Please reproduce the listing below exactly, leaving out every picture.

Provided material »
[Start of Attachment]

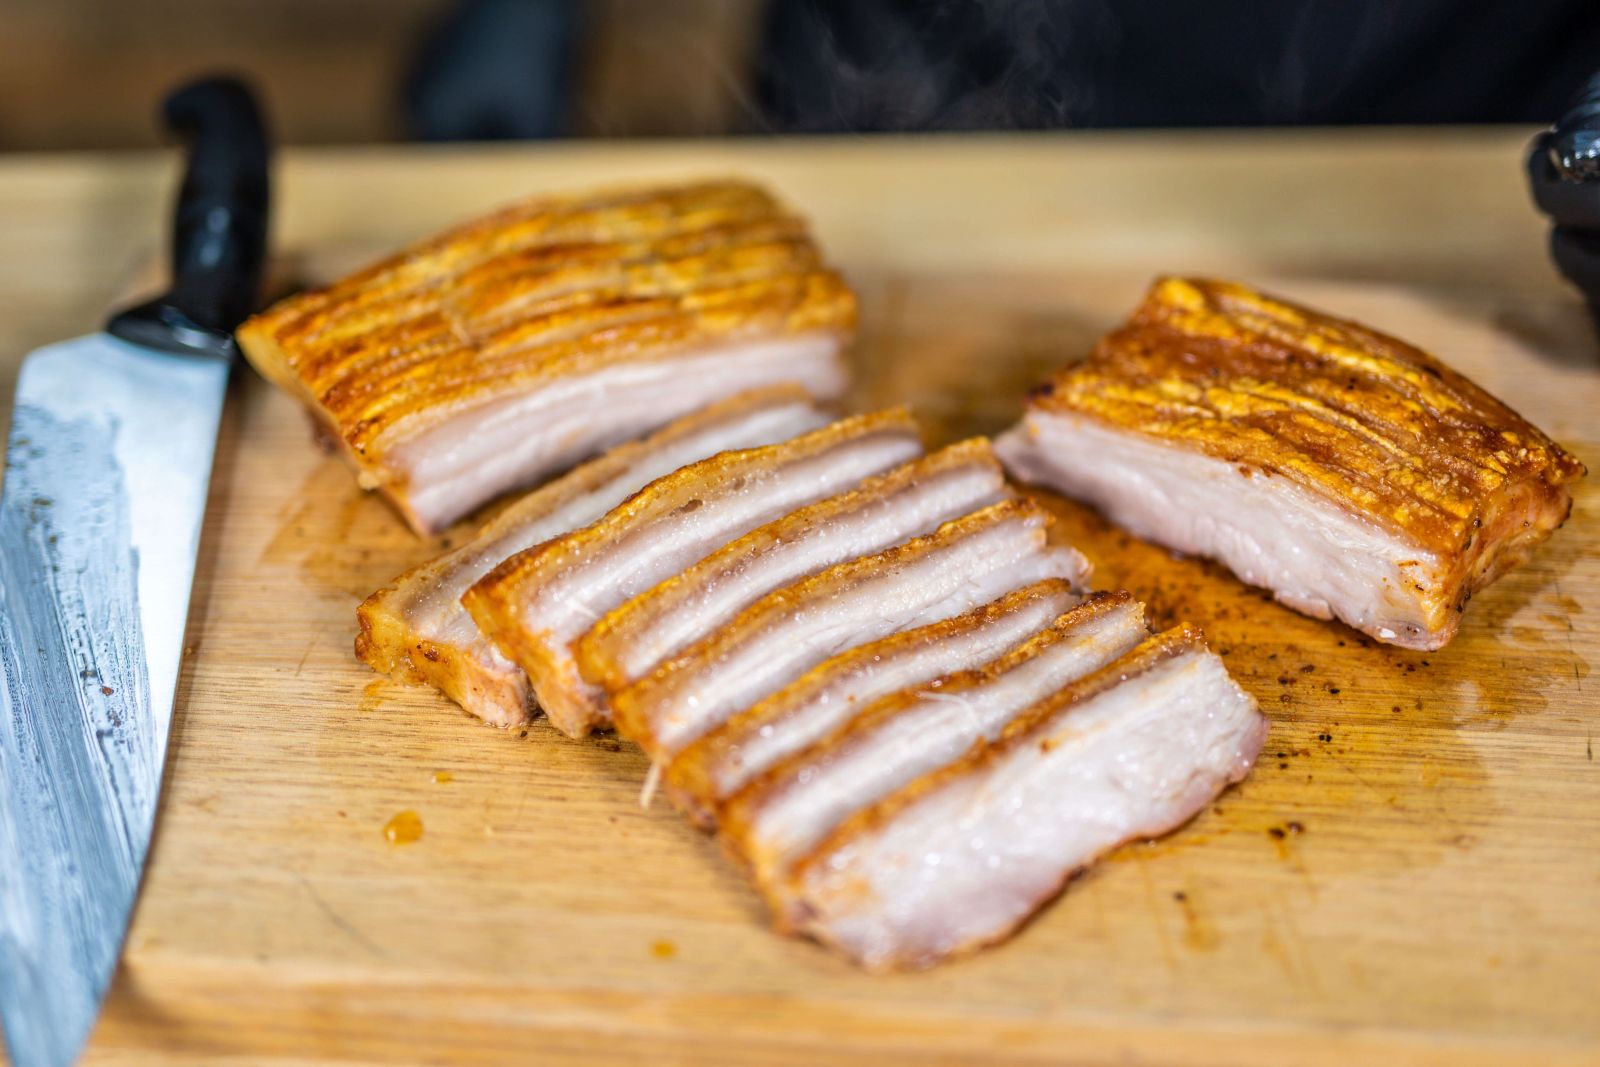 This photo shows a Sliced Roast Pork Belly
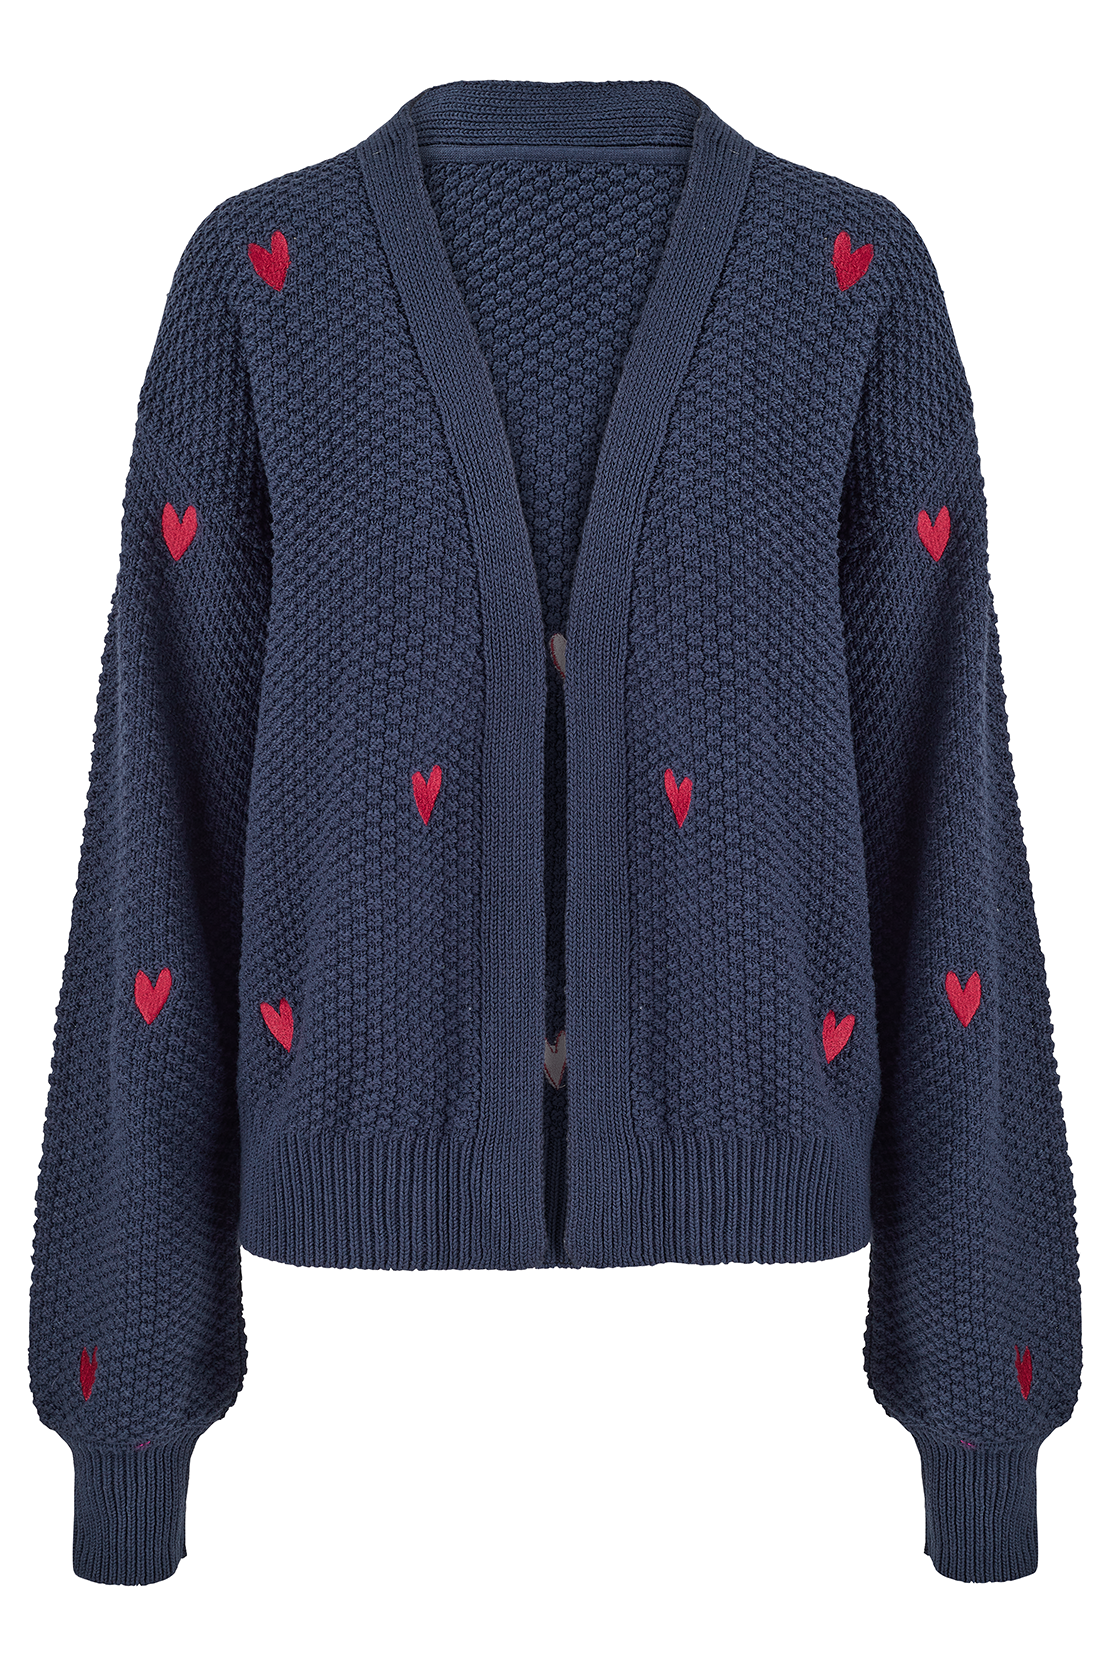 O&F Heart Embroidered Cardigan - Navy
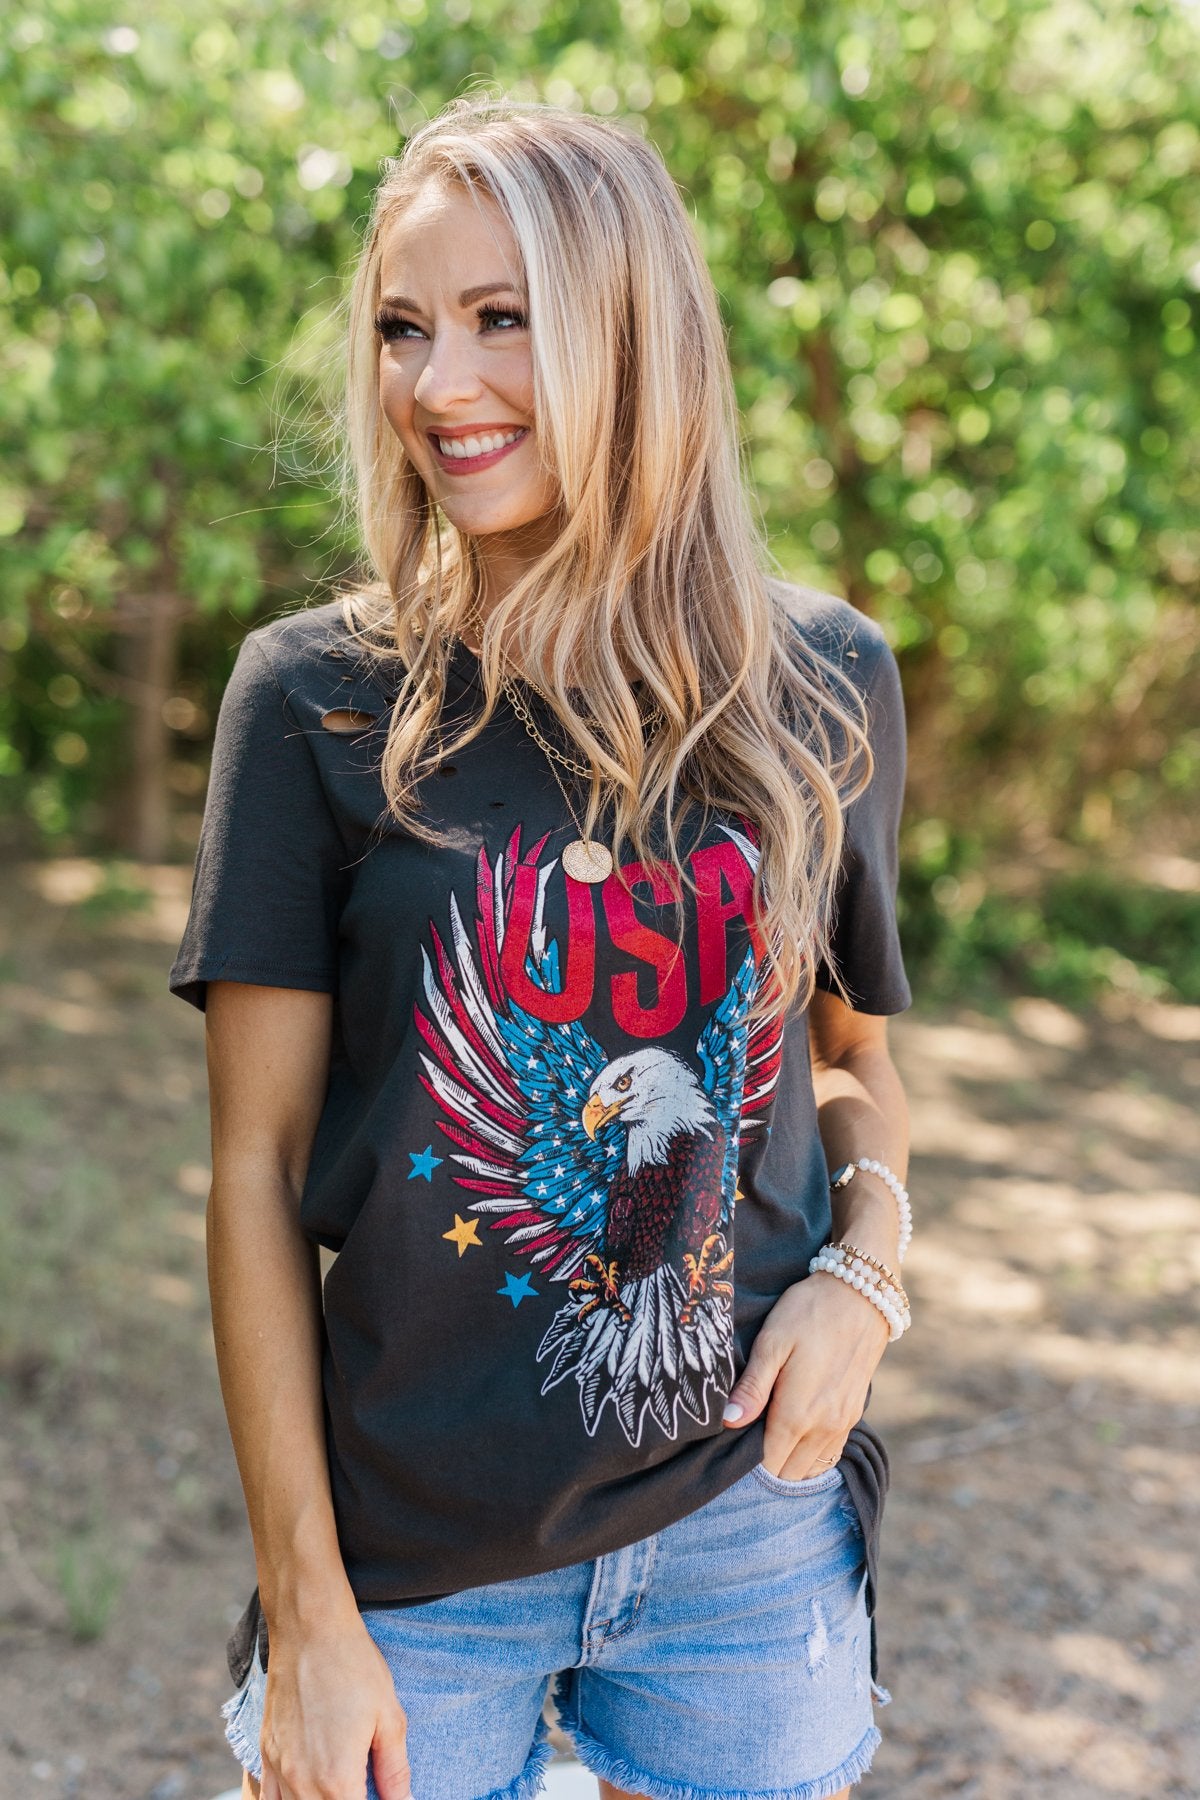 Hooray For The U.S.A. Graphic Top- Black

[End of Attachment]

Answer space »
 This photo shows a Sliced Roast Pork Belly
 O&F Heart Embroidered Cardigan - Navy
 Hooray For The U.S.A. Graphic Top- Black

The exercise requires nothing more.